▶ [WHAT IS BEING ASKED]:
If pictures appear among the lines below, leave them out while you return exactly the lines from the one with "يضمّ متحف أنطاليا" through the one with "Hotelers i docents".

▶ [THE INPUT]:
------------------------------

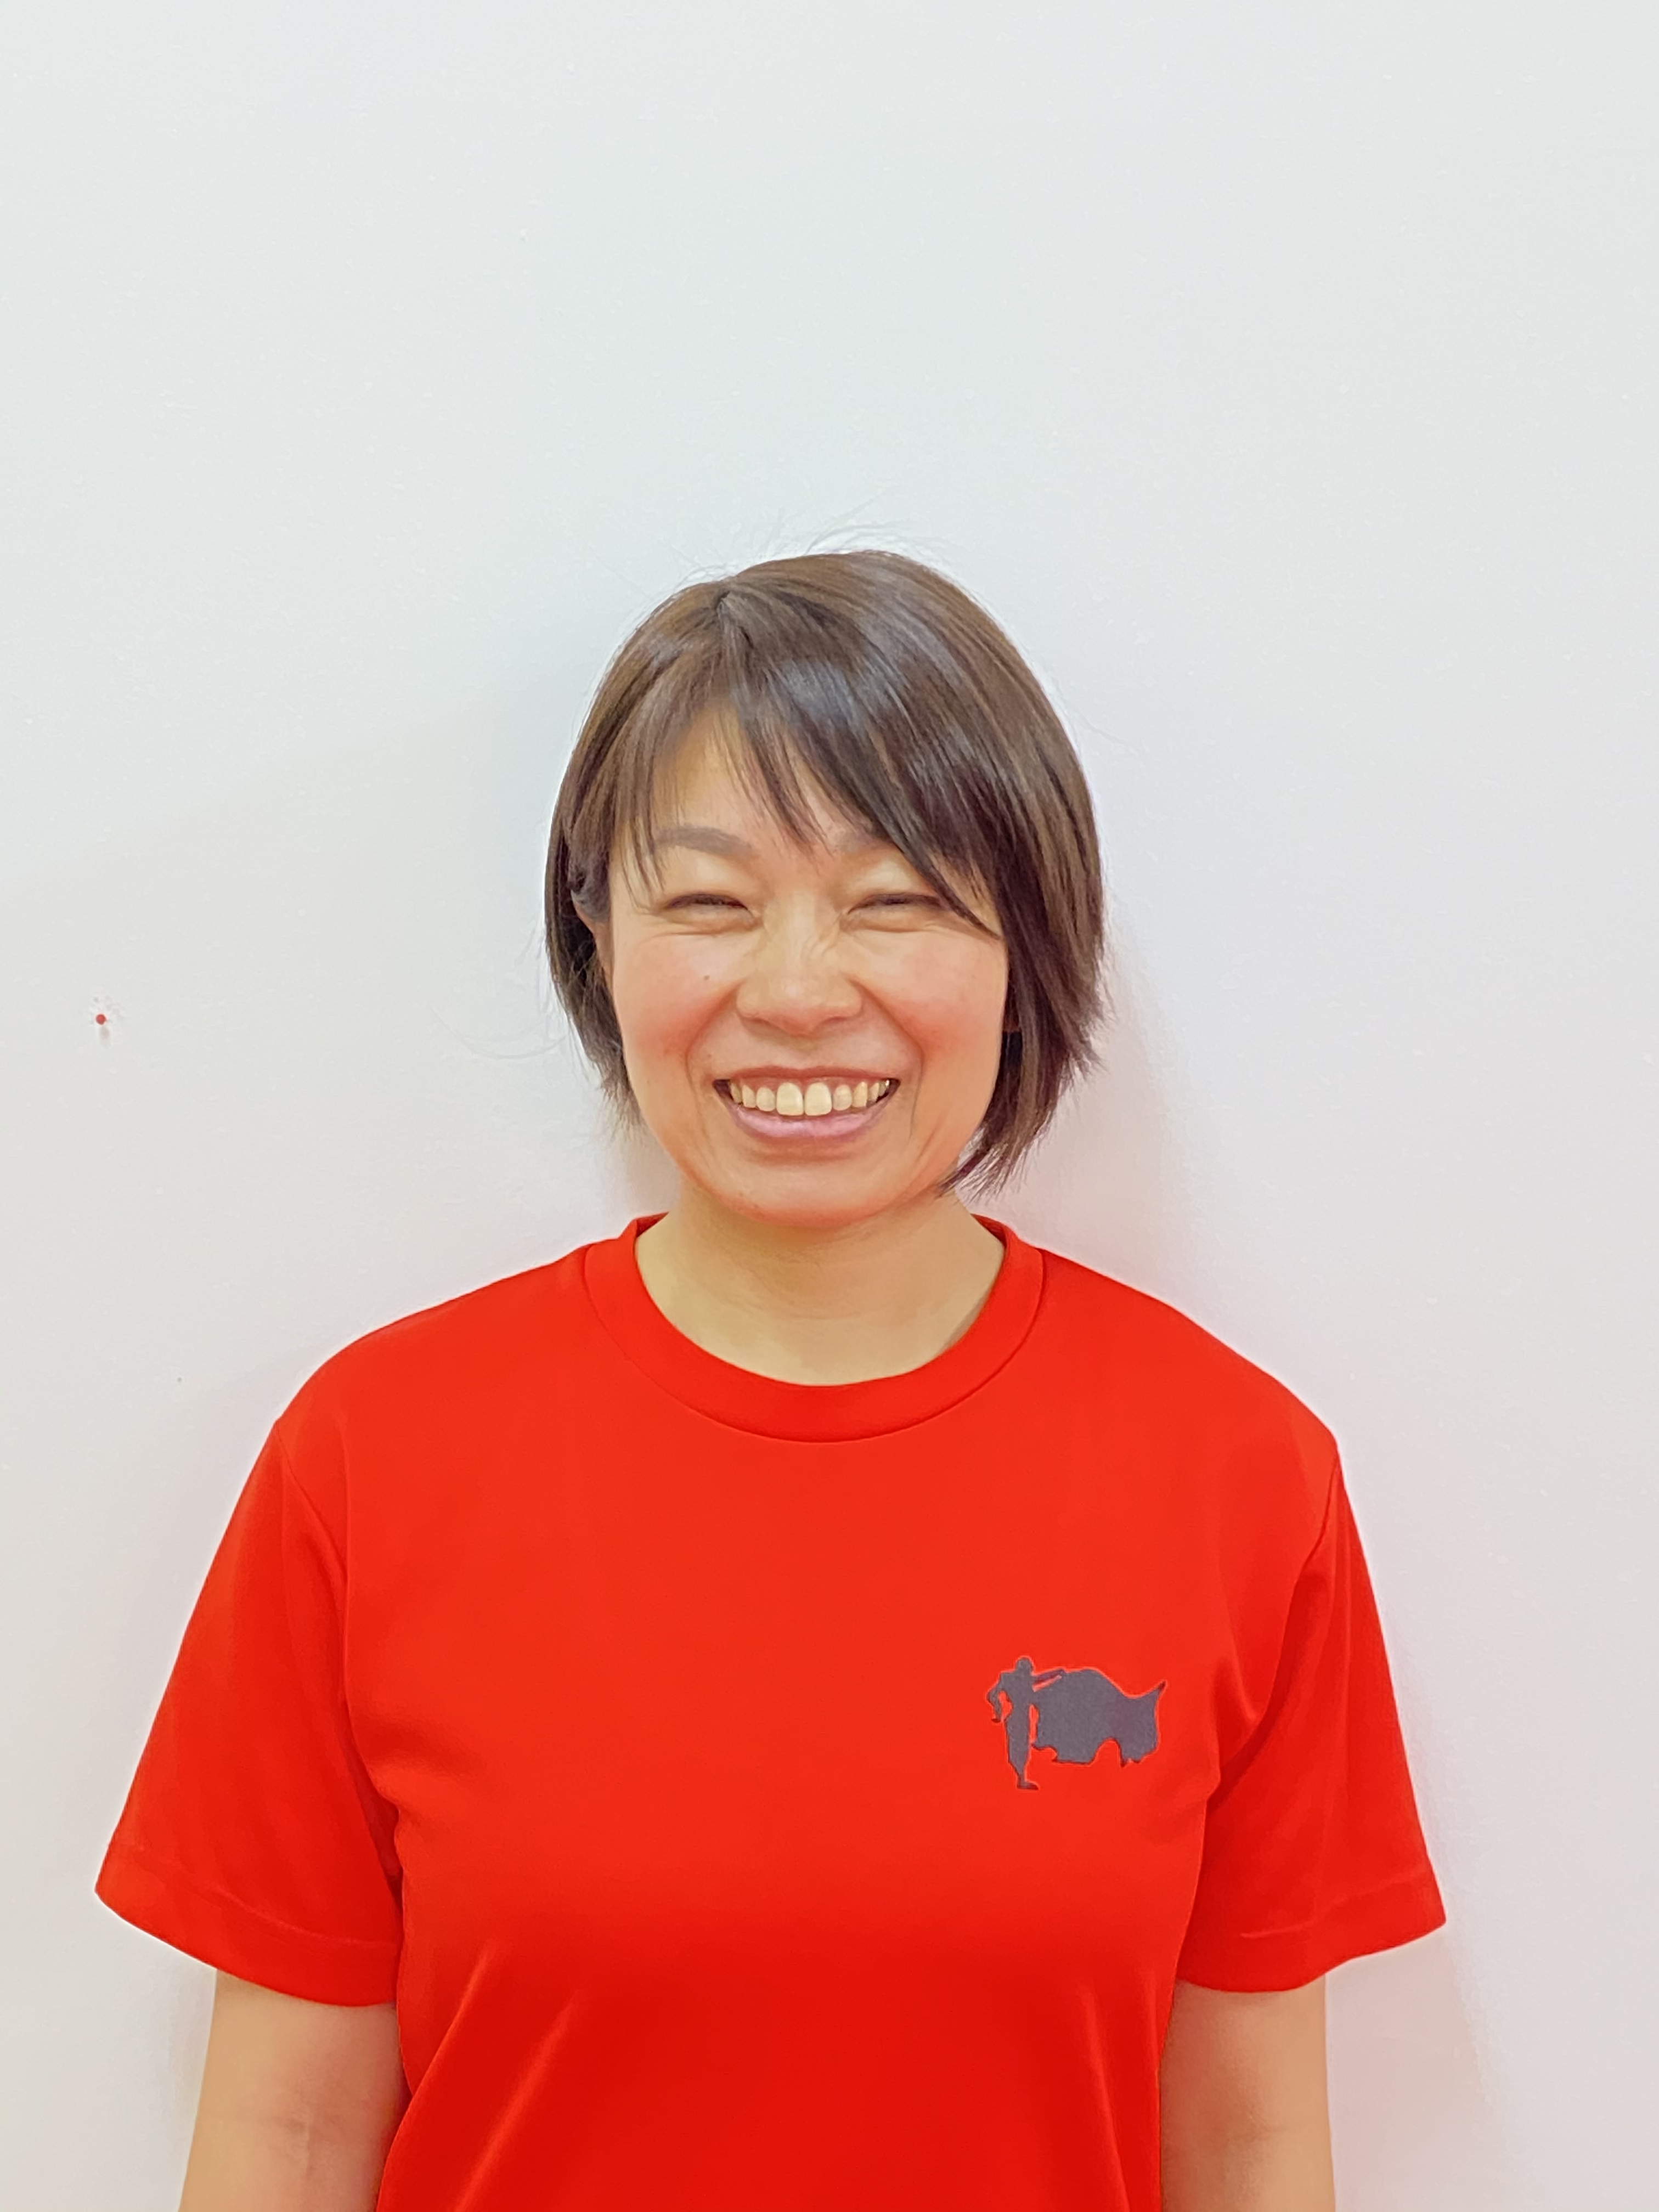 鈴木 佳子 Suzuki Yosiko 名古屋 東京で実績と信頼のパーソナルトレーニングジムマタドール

------------------------------

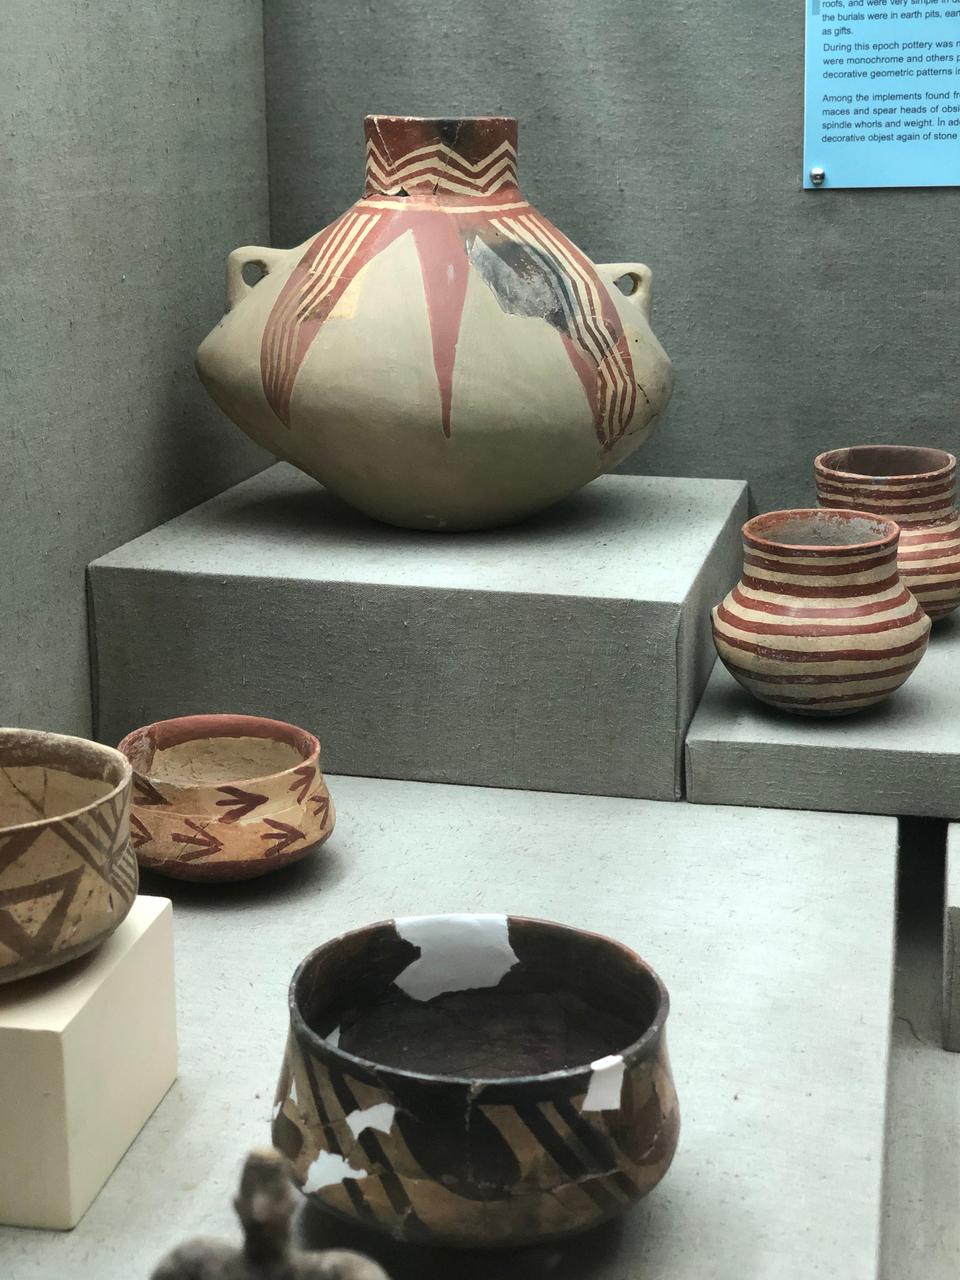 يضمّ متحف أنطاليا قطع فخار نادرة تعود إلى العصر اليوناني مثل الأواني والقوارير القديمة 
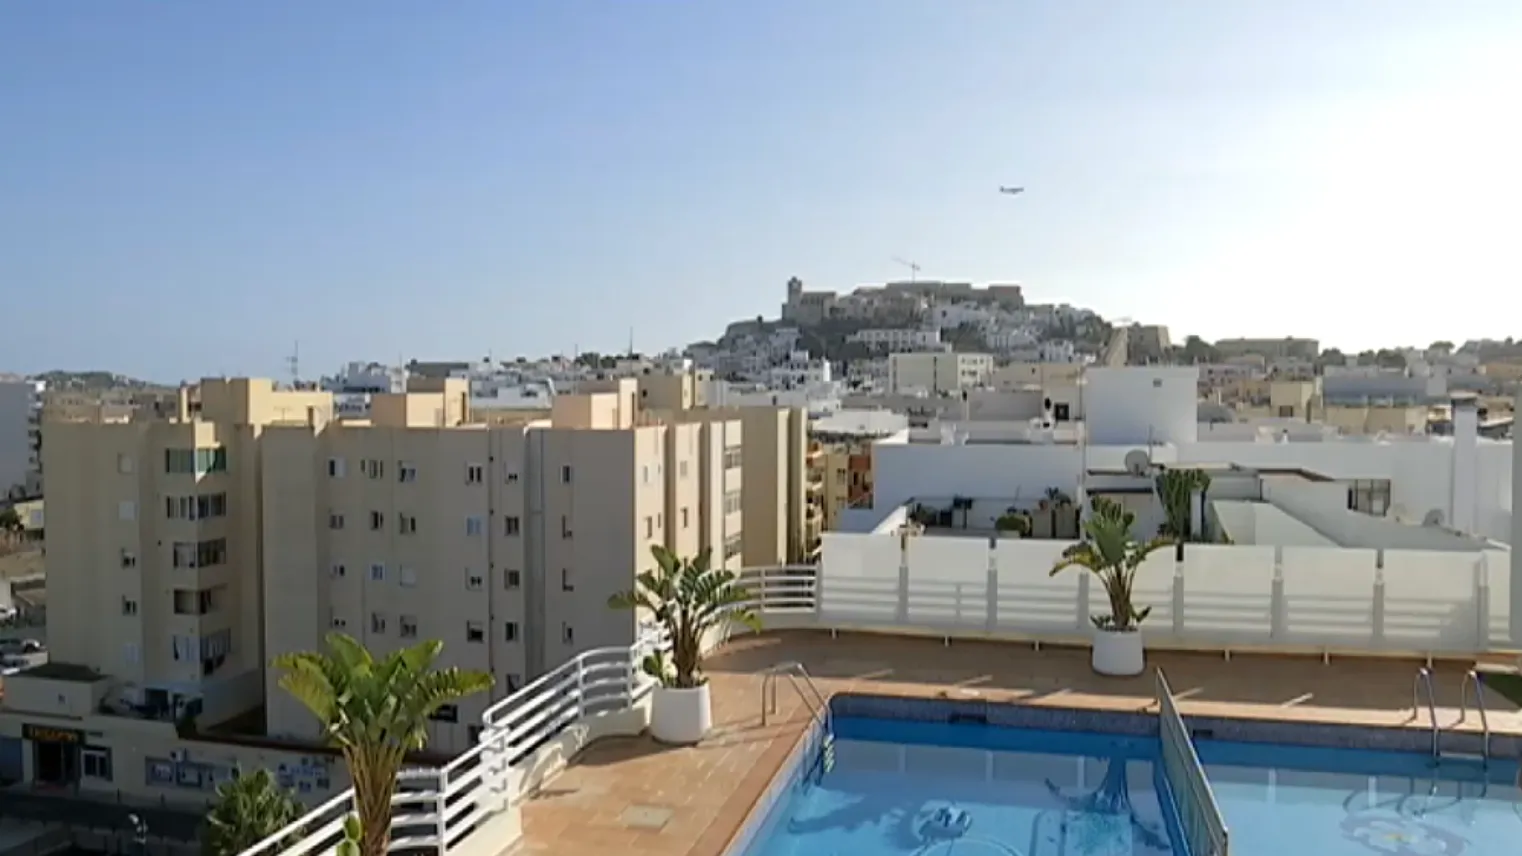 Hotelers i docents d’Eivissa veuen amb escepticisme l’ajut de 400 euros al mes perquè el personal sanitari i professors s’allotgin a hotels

------------------------------

▶ [RESPONSE AREA]:
 يضمّ متحف أنطاليا قطع فخار نادرة تعود إلى العصر اليوناني مثل الأواني والقوارير القديمة 
 Hotelers i docents d’Eivissa veuen amb escepticisme l’ajut de 400 euros al mes perquè el personal sanitari i professors s’allotgin a hotels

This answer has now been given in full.